MITRE Creates Natsec Tech Board

MITRE’s Center for Technology & National Security has created an advisory board to “help guide the center’s efforts to provide our nation’s military and intelligence leaders with data-driven research, analysis, and insights to help them navigate the rapidly evolving technology landscape. The board members include:

  • John Campbell, a former Army vice chief of staff.
  • Lisa Disbrow, a former Air Force undersecretary.
  • Bill Gortney, a retired Navy admiral who led U.S. Northern Command. 
  • Bob Murrett, a retired admiral who ran the National Geospatial-Intelligence Agency director.
  • Bob Work, a former deputy defense secretary

Booz Allen Hamilton to Open Huntsville Tech Hub

The “Innovation Center” is billed as a 6,000-square-foot, state-of-the-art facility  “designed to spotlight Booz Allen engineers and foster collaboration with clients and the community, and will be located in the historic, reimagined Stovehouse factory,” the company said in a Wednesday statement. Additive manufacturing will be among the work done at the center.

Making Moves

  • Mike Griffin, defense undersecretary for research and engineering, and his deputy Lisa Porter are stepping down on July 10 for jobs in the private sector. “During their tenures, Dr.

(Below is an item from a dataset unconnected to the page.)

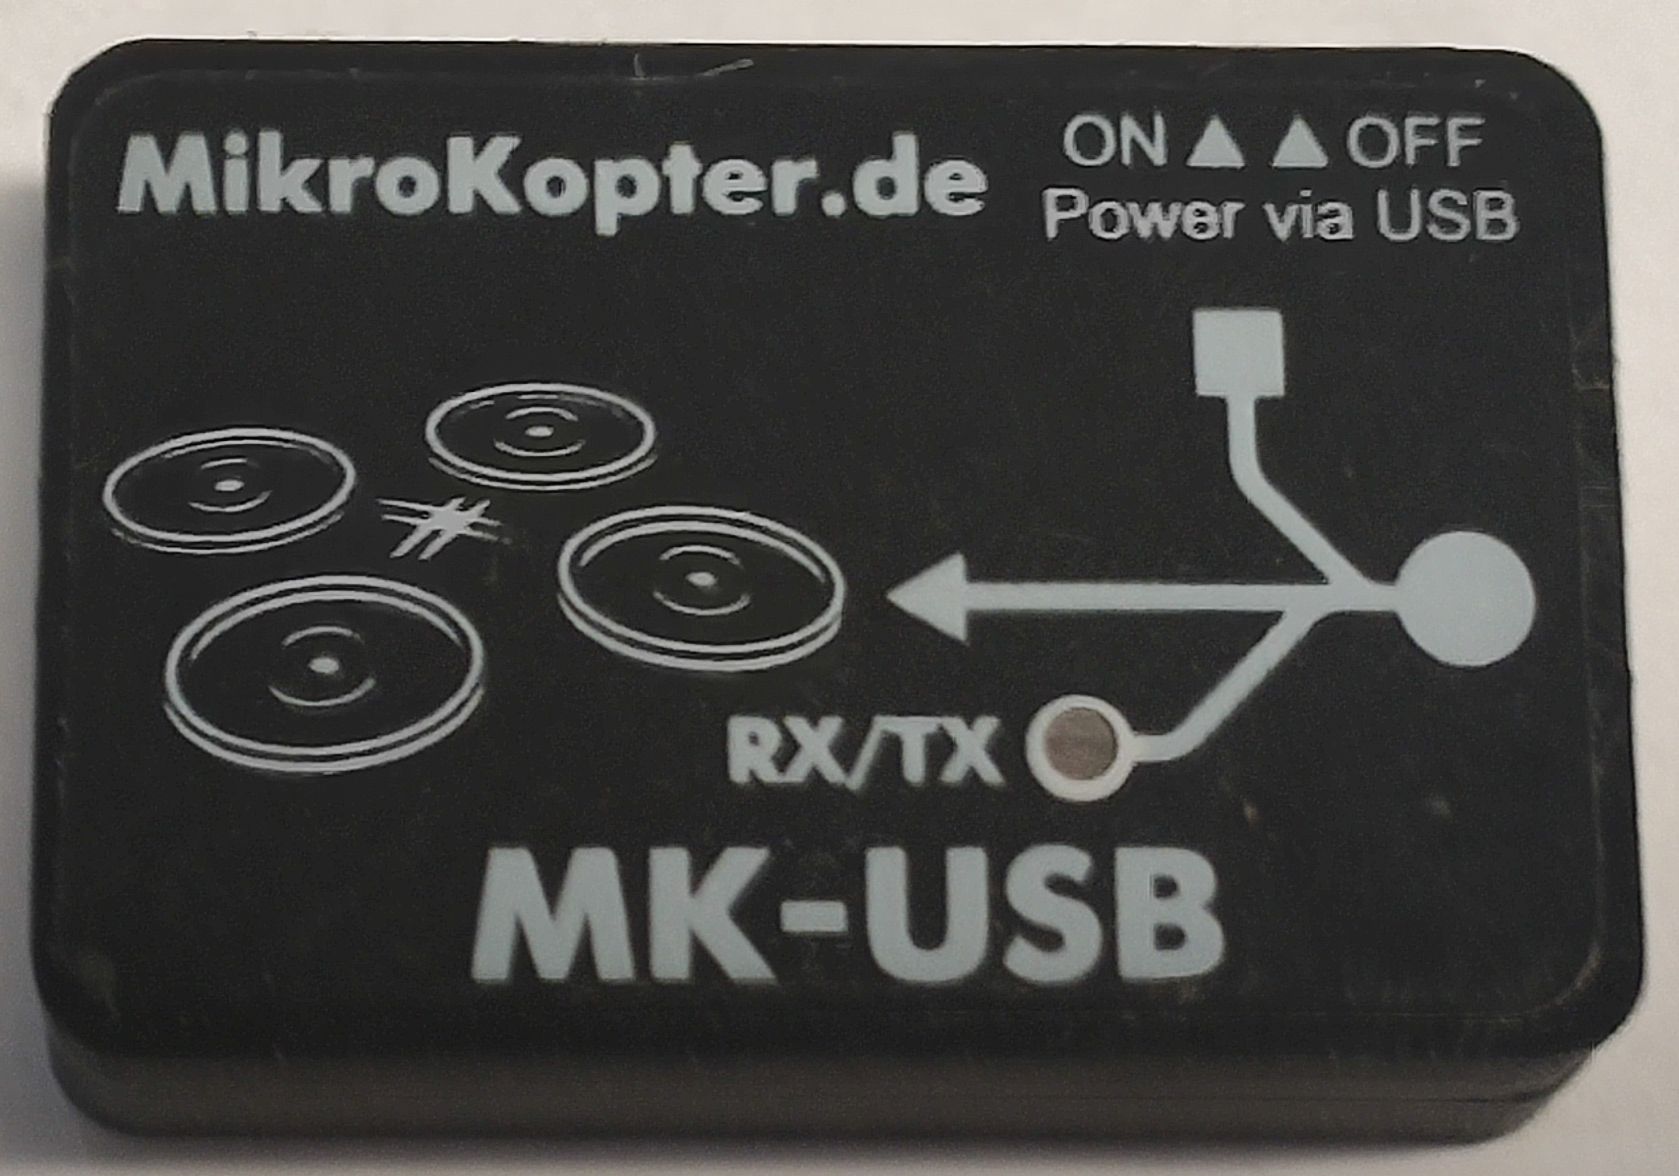 MK-USB im Gehuse - zum Schlieen ins Bild klicken

Griffin and Dr. Porter advanced critical work on the department’s modernization priorities,” Defense Secretary Mark Esper said in a Wednesday statement. “They leave an office with a legacy of excellence in the research and development of technology that ensures American military advantage on land, at sea, in the air and in space.
  • The Senate Armed Services Committee on Wednesday approved the nominations of Lt. Gen. Daniel Hokanson to be chief of the National Guard Bureau and Gen. Gustave Perna to be chief operating officer of Project Warp Speed. The full Senate must now approve the nominations.
  • The Pentagon on June 19 named Dave Spirk its first chief data officer. He was previously the chief data officer at U.S. Special Operations Command.
  • CAE has named Heidi Wood, executive vice president of business development & growth initiatives, its interim group president of Defence & Security. She replaces Todd Probert, who is leaving the company.
  • The Aerospace Corporation has named space executive and former NASA CFO David Radzanowski as the company’s chief financial officer. 
  • Boeing named Michael D'Ambrose its executive vice president of human resources.
  • President Trump on June 18 nominated Bradley Hansell to be defense deputy undersecretary for intelligence.
  • The Center for a New American Security has named Becca Wasser a fellow in the Defense Program. Wasser will research wargaming, force posture and management, and U.S. defense strategy.